As a consequence of this trend, there will be less activity in the sector. The effects are very clear, less work and a decrease in the profits of the companies that are dedicated to this important economic activity. And on the other hand, so linked to the growth of the Gross Domestic Product (GDP), which may fall by a few tenths from the second half of 2016. This is another factor that can deteriorate the Spanish economy from these approaches.
Increase in the risk premium
This problem seemed forgotten, but this past Friday, to the brutal falls in the equity markets, the rebound in the risk premium was added. Reaching levels of 170 points, and in any case, not seen during the last two years. This trend can be very harmful to the national economy. It is enough to check what happened four years ago to realize how serious this important macroeconomic data could rise again.
Its worsening would produce, among other things, that the difficulties to finance are greater. Or in other words, they would have a more demanding cost by applying a higher interest rate. This effect would have a direct impact on State expenditures, which would be more expansive. With the possibility that they were cut from other items more linked to citizens: health, social benefits or educational expenses.
If the spread with the German bond increases, which is exactly what the risk premium is, there would be a risk of raising taxes. Either directly, through VAT or the tax on the declaration of natural persons (IRPF), or indirectly, and depending on the government that was formed after the general elections held this Sunday.

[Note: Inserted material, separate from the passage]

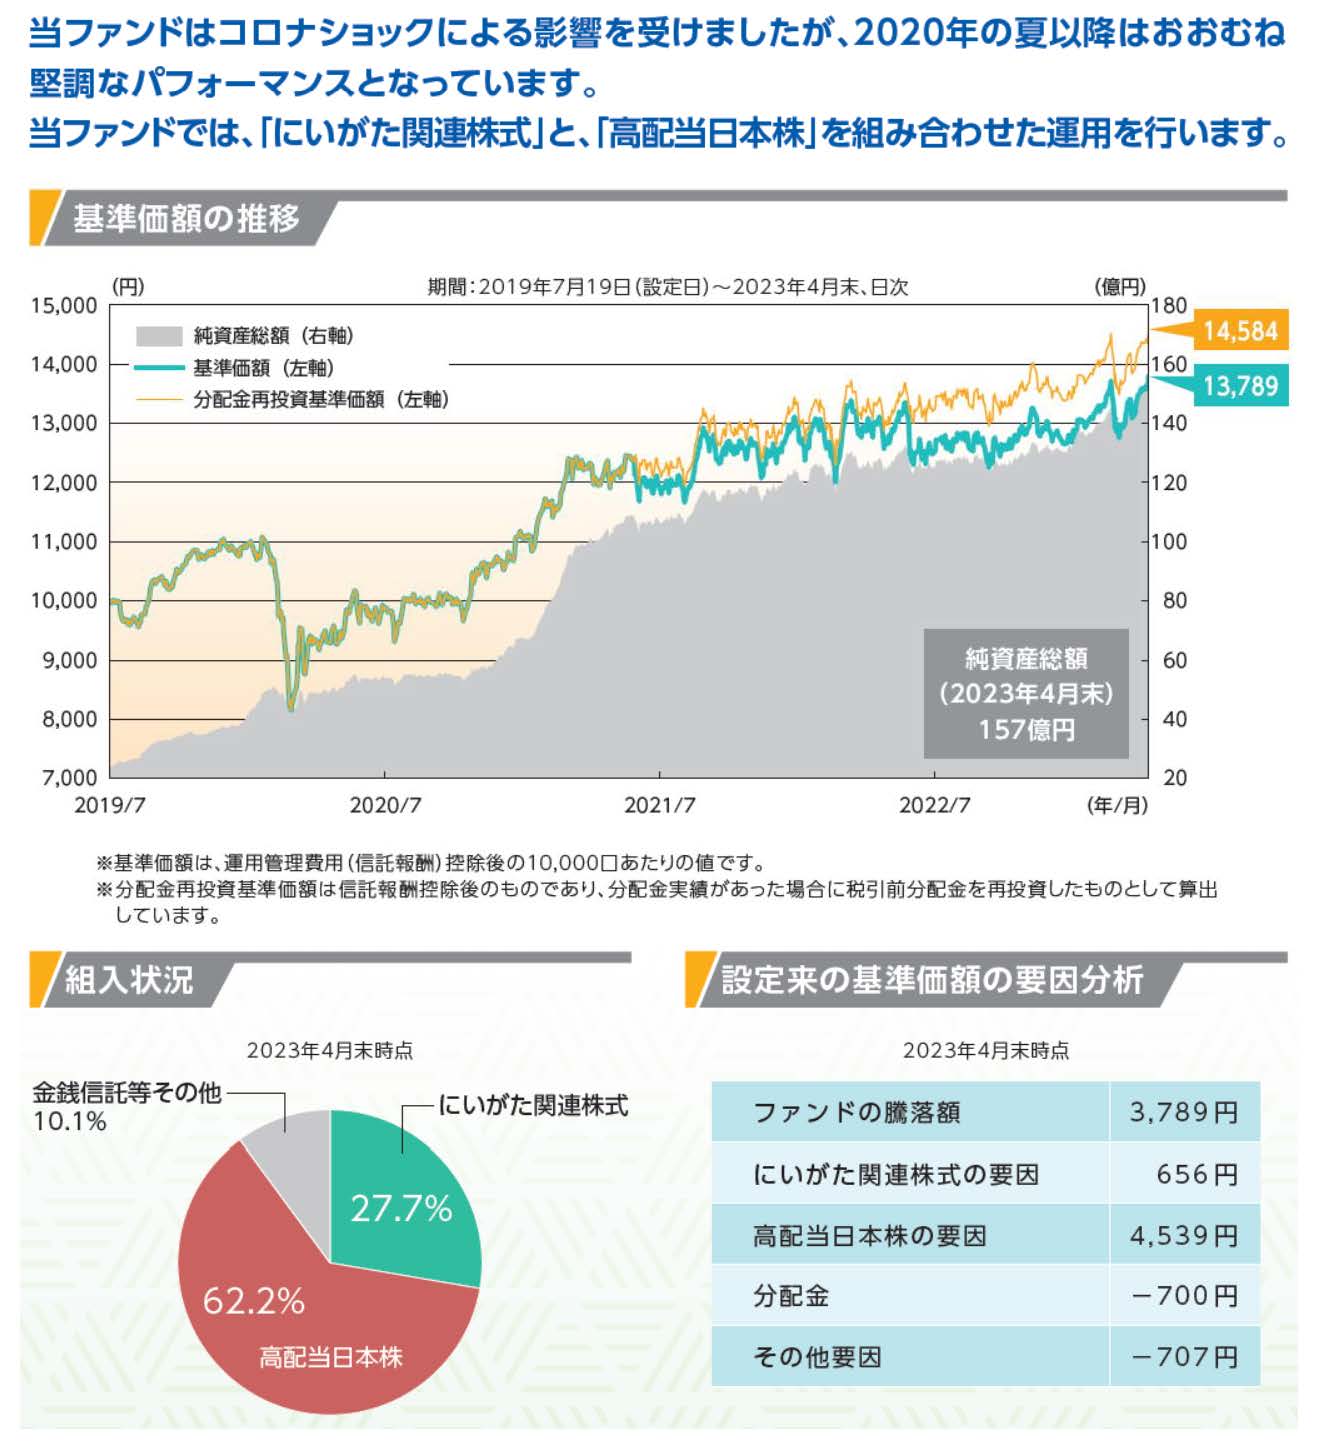 「にいがた未来応援日本株ファンド（以下、当ファンド）」の過去におけるシミュレーションでは、良好なパフォーマンスとなっています。

Domino effect on other countries

However, the greatest danger for the interests of Spain will be that this process of separation will reach other community nations: France, Denmark, Holland, Sweden or Italy. And in which case, the process of European expansion would definitely collapse. And with dire effects for all Spanish citizens. Likewise, Spain would lose an important ally with regard to the establishment of the Transatlantic Treaty for trade and investment, known by its acronym: TTIP.
And finally, a purely accounting aspect, but of great relevance for the development of a country. It is none other than the less funding that the European Union will have, in the absence of Britain, which will be transferred to national interests, since it would have less aid to various productive activities, and of great importance for economic growth.
All these factors may lead the Spanish stock market to return to large-scale depreciations in the coming days. And that could develop with the appearance of some rebound than another in prices that could attract the attention of stock market users. To the point of encouraging them to enter the markets, taking advantage of the low price of shares.
Although in the last case we will have to wait for a few months to pass to gauge the repercussions that this measure approved by the English people will have last Friday. Not ruling out any possibility about its possible effects.